Comment Fastest-growing tech market, ever (Score 1) 338

The tablet market is growing and changing faster than any I can ever remember. Almost every *day* there's an important announcement. It seems way faster than PCs in the 1970s-80s, for sure.

Because Apple has such a lead with the iPad, which is selling at such huge volumes for such a new device, the price to stay in this game has gone WAY up. Yet it's hard to understand how a company like HP could just give up on tablets - if they have. Can't help wondering if that decision will be reversed.

To compete, makers will have to produce huge volumes to get unit prices down enough to reach competitive price points, and STILL be willing to take a loss for an extended period. Since HP is so big, and tablets are such an important growth market, it seems like a reasonable bet for them, especially considering that WebOS is potentially a strong contender.

Jeff Bezos has obviously placed HIS bet with the Kindle Fire, and its successor, whatever that will be. It will be interesting to see who else stays in this business after this Christmas, and what acquisitions take place.

Comment Somebody finally noticed (Score 1) 580

I've been wondering when investors would finally notice how little Microsoft gets out of their huge R&D investments. I bet they'd do better if they cut everyone's budgets!

Here's what I wrote in 2005:

"... In general, while Microsoft prides itself on the billions it spends each year on research and development, I suspect years from now it will be regarded as a case study on how not to do R&D investment.

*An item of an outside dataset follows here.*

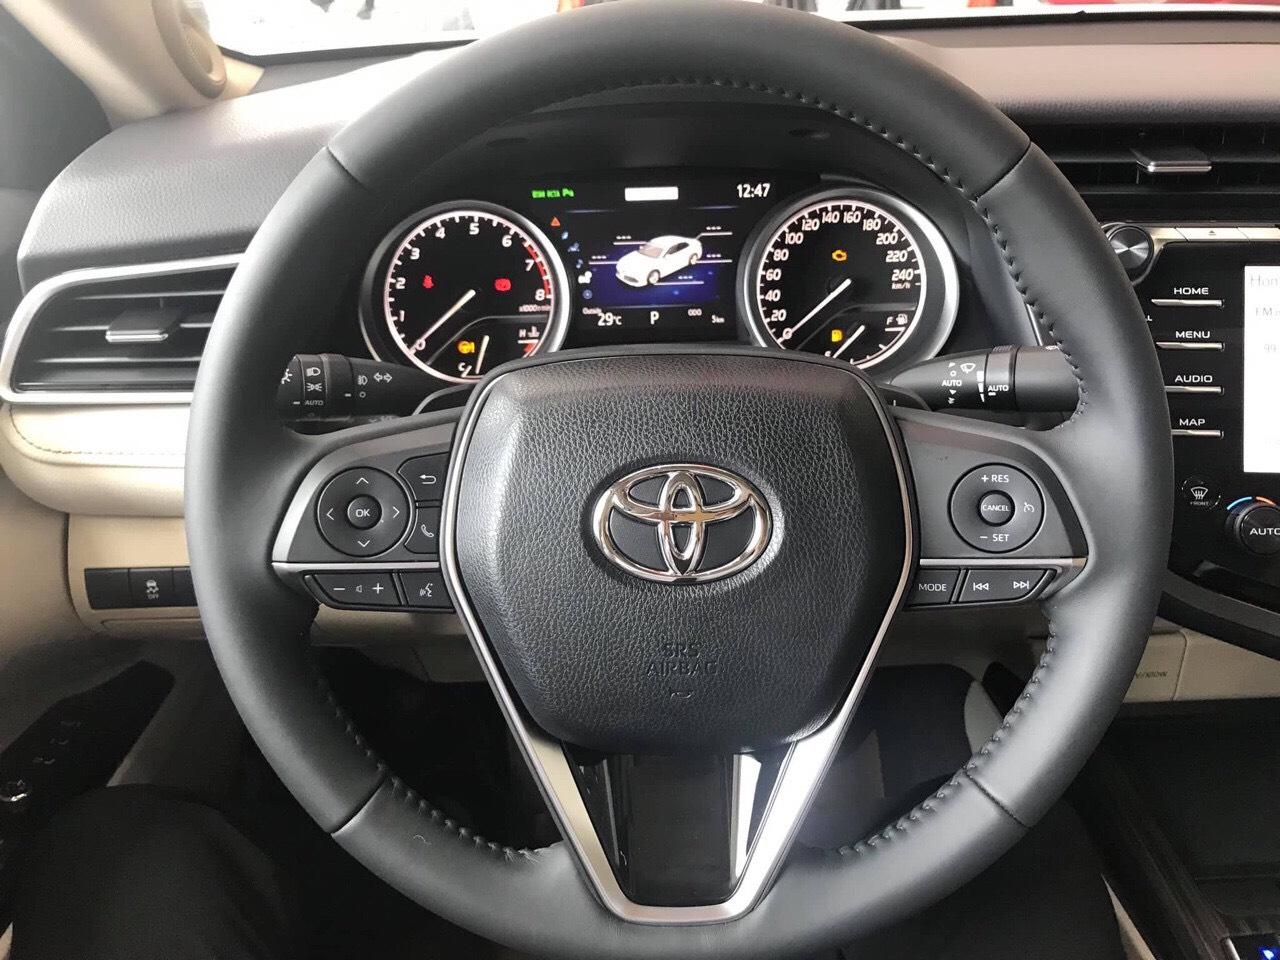 Toyota Camry 2.5Q ảnh 15 - Camry 2.5Q [hienthinam]: giá xe và khuyến mãi tháng [hienthithang]

It's not at all obvious that they have gotten much for their billions. For years they have been touting natural language and usability testing, for example, but there seems to be little to show for it in the first area and still a lot of frustrations at times in the second.

... Ultimately, what Microsoft needs to do is to grow up. Gates and Ballmer have long touted the need to be 'paranoid' in order to survive in the tech industry. This may have worked when Microsoft was small and IBM was the giant, but now that Microsoft is dominant, the idea of a paranoid 800-pound gorilla doesn't bode well for the industry as a whole or for the users.

Like a teenager, Microsoft shows much promise in an industry that is entering a new era of innovation, but it must mature and come to grips with its own limitations. It can't be everything to everyone..."

Comment Re:Chinese "capitalism" is still largely an illusi (Score 1) 468

Interesting comments, about the war production of UK vs. Germany.

"fascist regimes always produce good economic results, only because we believe them when they tell us that we do."

I think it was MIT's Lester Thurow who recently argued, from electricity statistics and other measures, that there was little chance China could really be growing at 10% or more per year. He estimated the growth at more like 5-6%

Historically, China's had a tough time holding itself together, and so you can't help but wonder whether they'll manage this time around. Not counting WWII, they went through three major upheavals (1911, 1949, late 60s) just in the past century.